I'm a self-taught photographer from Rajbari, Dhaka, Bangladesh. My obsession is scale — getting close enough to an ant to fill the entire frame, finding the geometry inside a wildflower petal, watching golden light paint a harbor at dusk.
You don't need to travel the world. You need to truly see your own backyard. Mine happens to be one of the most beautiful places I've ever looked at — and I've looked very, very closely.
Started with a smartphone and pure curiosity. The first frames: sunflowers reaching toward the sky, insects frozen mid-step on leaves. Something clicked — not just the shutter.
I was feeling something in my hearth. About the unseen beauty of the nature. It gives me the peace. I am loving this very soon.
At that Point, I feel that It becomes my favourite Hobby. I am enjoying with it. I am playing with it. That feelings was really undesirable.

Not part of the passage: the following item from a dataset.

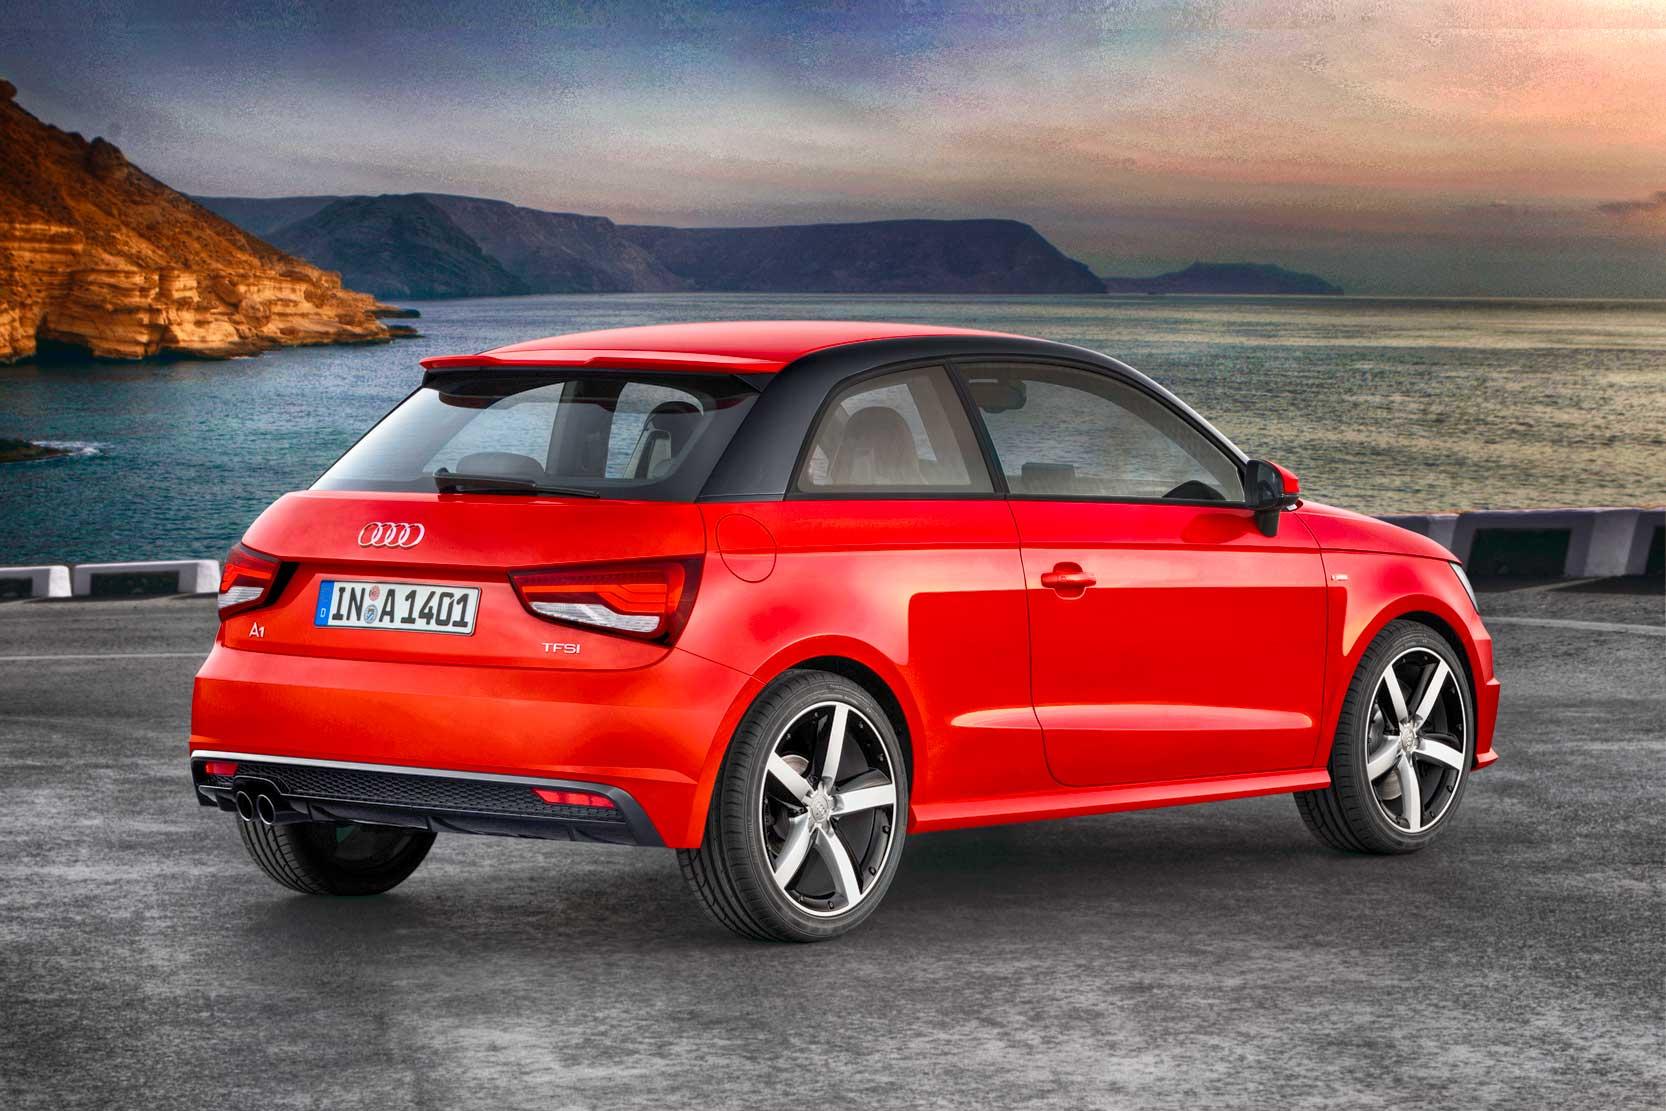 Audi A1 Fiche Technique : fiche technique audi a1 1 6 tdi 116 ultra 2015 ~ Medecine-chirurgie-esthetiques.com Avis de Voitures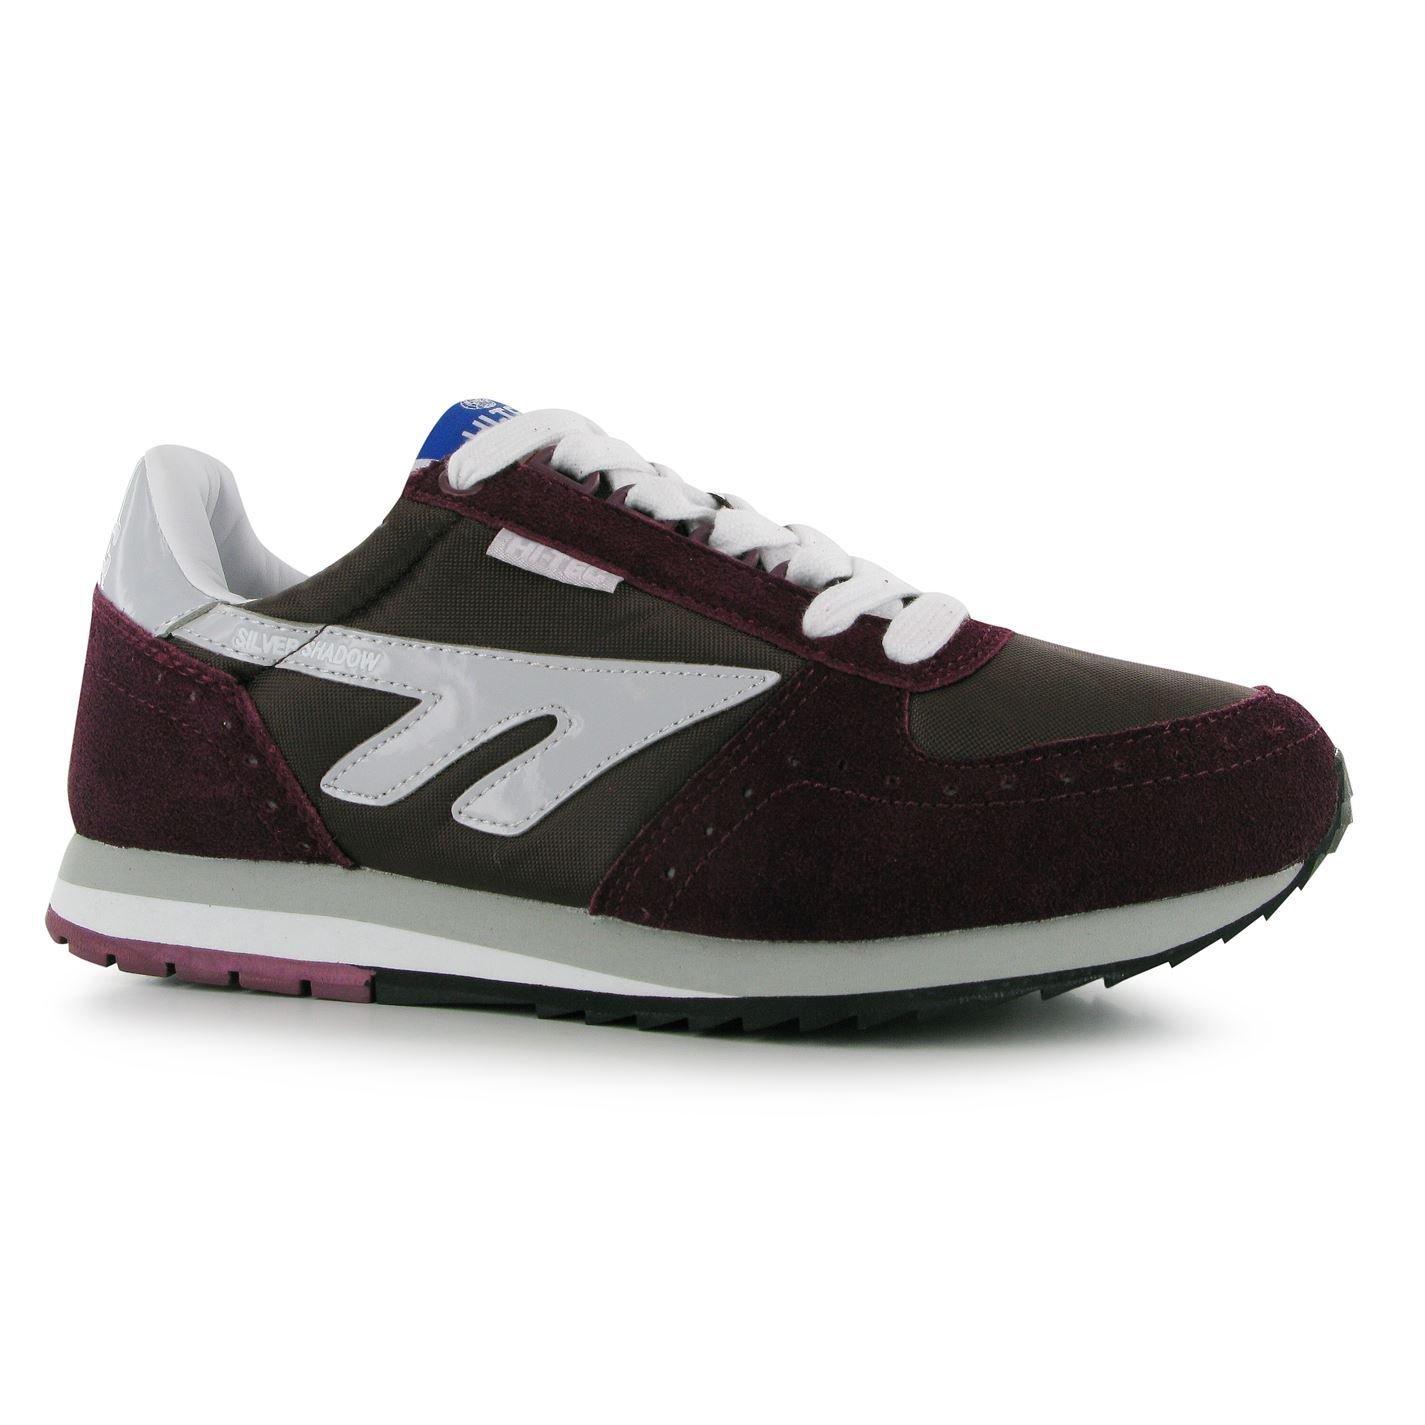 bb976b3018d Hi-Tec Silver Shadow Trainers Mens Burgundy/White Sports Shoes ...

Graduated to macro lenses. Discovered the universe living on a single chili plant — ants farming aphids, dew beads refracting light. Every centimeter became a landscape.
The harbor at dusk became a second home. Silhouettes of workers, the golden haze over the water, the rhythm of boats. Photography of people became as important as photography of nature.
Building a body of work that proves the extraordinary lives right here in Rajbari. Every walk is a shoot. Every garden is a studio. The lens never stops looking.